• Transform magazine
  • April 22, 2024


Opinion: The challenger mentality

Natalie Redford.jpg

Shifts in the retail landscape see former category-leading retailers stagnate in the face of vibrant, disruptive brands. How can established brands learn from this challenger mentality and deliver something new to the market? Natalie Redford writes

When children are young, their parents tell them that boredom is just a lack of imagination. Now big retailers are echoing the sentiment. It’s no secret that brands are in trouble, and names like ‘Project Renewal’ and ‘Reset’ don’t mask the gauntlet that’s been thrown down by every new differentiation strategy.

Britain’s ‘big four’ supermarkets had to up their game to compete with discounters like Lidl and Aldi, who, seemingly overnight, grabbed the attention and weekly shops of savvy customers. Fast-forward through the mass realisation that price doesn’t always equate to quality, and now own-label is beating out brand with a host of new products more attune to modern consumer needs and demands. Sainsbury’s new and extensive range of vegan cheese is just one example.

So when innovation is being used to win hearts, it’s safe to assume that complacency is the cause of decline for many brands. Reading about Sainsbury’s so-called ‘war on brands,’ it was surprising how unsurprising it was that the challenger brands were excited by the retailer’s new strategy, while more established brands felt attacked. “If shoppers love a brand, they should pay full price for it. Those that stay will have to offer a real underlying value, and will have to be distinctive,” says one Sainsbury’s supplier.

The retail landscape has shifted dramatically, with health concerns, social consciousness and alternative lifestyles heavily influencing the trends emerging in food, drink and beyond. Add the sugar tax and recent supplier scandals to the mix and suddenly there is a plethora of well-placed start-ups set to take significant market share from the big players.

Take Irish tonic brand Fever Tree. It capitalised on the growing popularity and appreciation for gin and positioned its tonic so that it was perceived as equally, if not more, important than the gin itself. Not only was this a blow to the category leader, Schweppes, that coincidentally has now rebranded, repositioned and invested massively in comms – it reinvented the category. This forced consumer reappraisal and inspired other brands to follow in its footsteps.
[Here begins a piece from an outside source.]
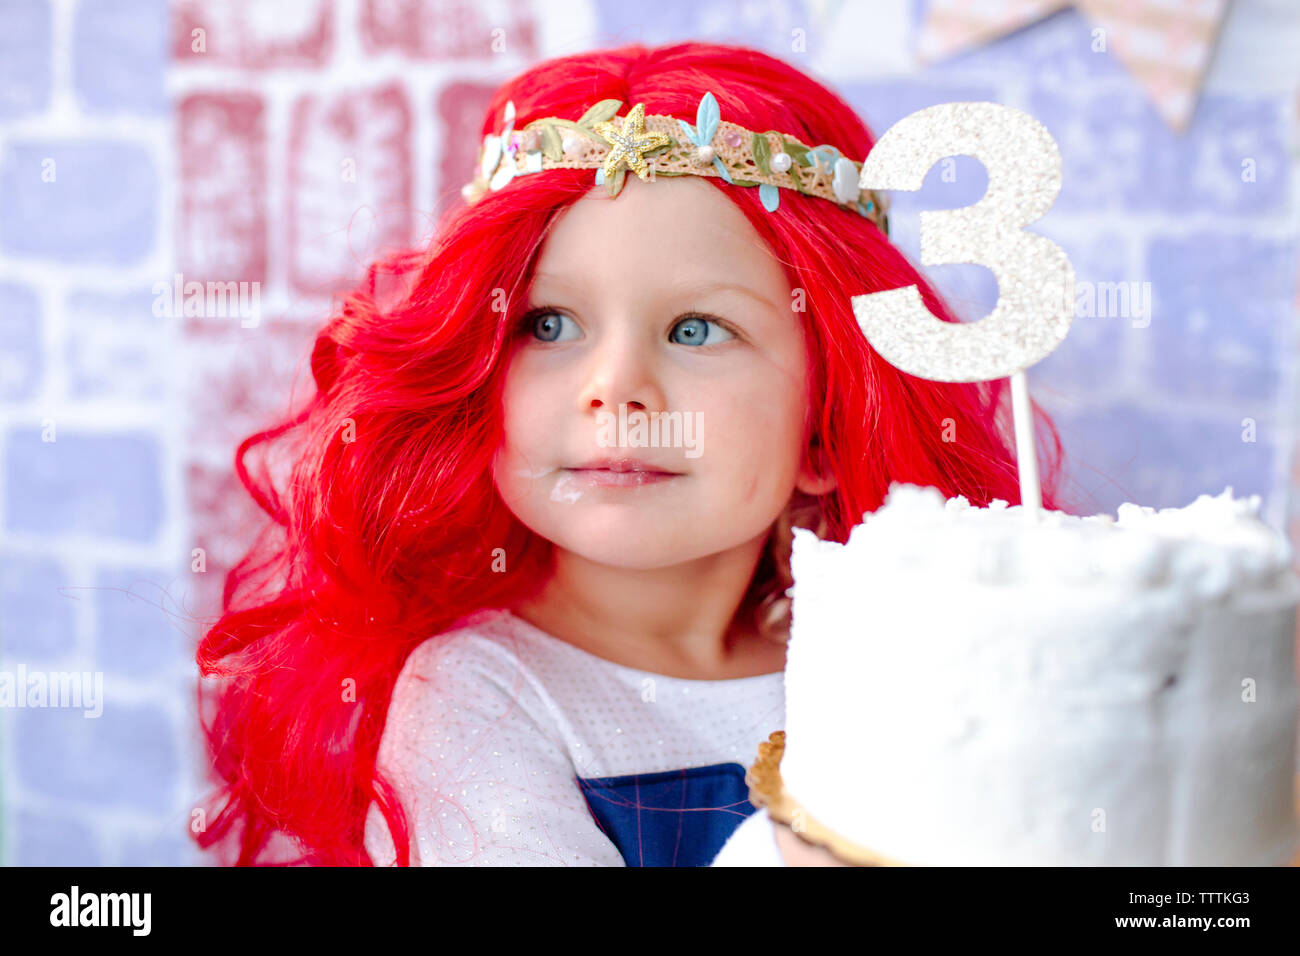 Close-up of girl holding cake avec le numéro 3 au cours de la princesse partie Banque D'Images

California-based razor delivery company Dollar Shave Club did it, organic baby food brand Ella’s Kitchen did it and Robot Food did it with tattooed skin care brand, Electric Ink. This saw our agency turn an internal exercise auditing the gaps of the skincare market, into a cult social following and a specialist, premium product range stocked in global, national and online retailers.

But despite the market data, people, resources, scale and finance behind a brand like Coca Cola, it ends up playing catch up to relative newbies. Perhaps it’s that brands like Fever Tree have more to prove. Or perhaps it’s that the culture within larger companies isn’t to nurture new ideas, but instead to stick to ‘the norm’ and what they know.

Before it gets to the point of no return, weighty, slow-moving brands need to realise what they have at their disposal. A ‘turtle-in-the-shell’ approach may be tempting but remaining insular will only delay the inevitable, as will only going for the short-term wins.

This is no time to play catch up, so brands should adopt a challenger mentality and set the pace. Forget year-on-year incremental growth and create game-changing products that people actually want. Trust your instincts rather than relying on focus groups to deliver solutions. And listen. Someone, somewhere will have the fire, the knowledge and the ideas that are missing, so find them, embrace them and give them freedom.

Don’t be scared to invest in the future. Empower by example and become a category leader.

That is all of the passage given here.